The petition in this case is deficient on its face inasmuch as it fails to set forth the facts to be sifted and the circumstances to be weighed without which there can be no threshold determination of State action. The petition merely alleges the facts of ownership of Rich Stadium by Erie County and the county’s grant of the exclusive right to the Bills to sublease the stadium and related facilities. There is no question that the county had authority under its police power to enter into such an arrangement with the Bills (Murphy v Erie County, 28 NY2d 80). The mere fact that the Bills are the lessees of public property is insufficient, standing alone, to show State
Even were there a sufficient basis alleged to find State action, the petition fails to allege facts demonstrating any cognizable unconstitutional deprivation of equal protection of the laws entitling petitioners to relief. Since the petition does not allege deprivation of a fundamental interest, nor does it encompass a suspect classification, the alleged denial of equal protection is subject to the "lax standard of rationality” which tests whether the challenged classification bears a reasonable relationship to some legitimate State objective (Alevy v Downstate Med. Center, 39 NY2d 326, 332). This petition itself acknowledges that the Bills declined to sublease the stadium to petitioners because they found petitioners unqualified and not sufficiently experienced to produce an out-of-doors concert at Rich Stadium. Such provides a rational basis for the denial of the sublease. The petitioners have not demonstrated in their petition that they do, in fact, possess the experience to conduct such concerts in the stadium which has a capacity of 80,000 seats. Further, petitioners have not pointed to any controlling statute or administrative regulation which would require the Bills to sublease to them, and courts should not sit in overview of questions of judgment, discretion, allocation of resources and priorities of the lawful acts of appointive and elective officials charged with the management of a public enterprise (see Matter of Abrams v New York City Tr. Auth., 39 NY2d 990, 992).

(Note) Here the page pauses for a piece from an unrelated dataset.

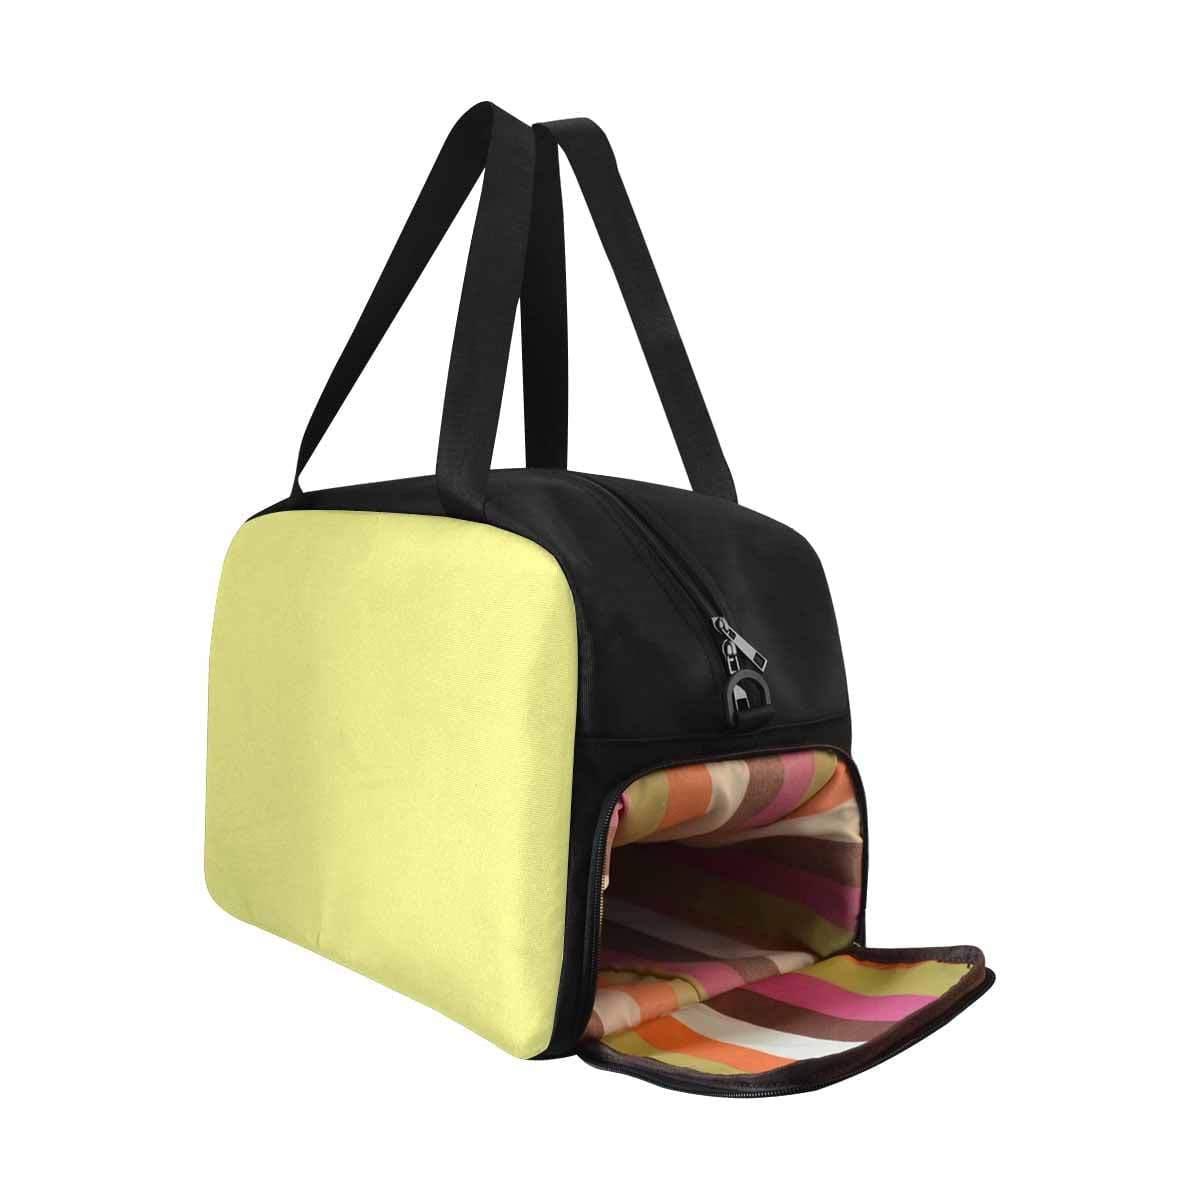 Pastel Yellow Tote And Crossbody Travel Bag - Bags | Travel Bags | Crossbody

Finally, the petition does not allege adequate facts from which it can be determined that there was a conspiracy to violate the antitrust laws. The petition alleges the mere existence of an exclusive lease, which has been upheld as a proper exercise of police power (Murphy v Erie County, supra) and fails to allege any overt act or other nonconclusory allegation from which a conspiracy to violate the antitrust laws could be inferred (Murdock v City of Jacksonville, 361 F Supp 1083; Baim & Blank v Admiral Corp., 132 F Supp 412; Marsich v Eastman Kodak Co., 244 App Div 295, affd 269 NY 621). Thus, Special Term correctly dismissed the antitrust claim in this article 78 proceeding.
The judgment should be affirmed.
Simons, Dillon, Goldman and Witmer, JJ., concur.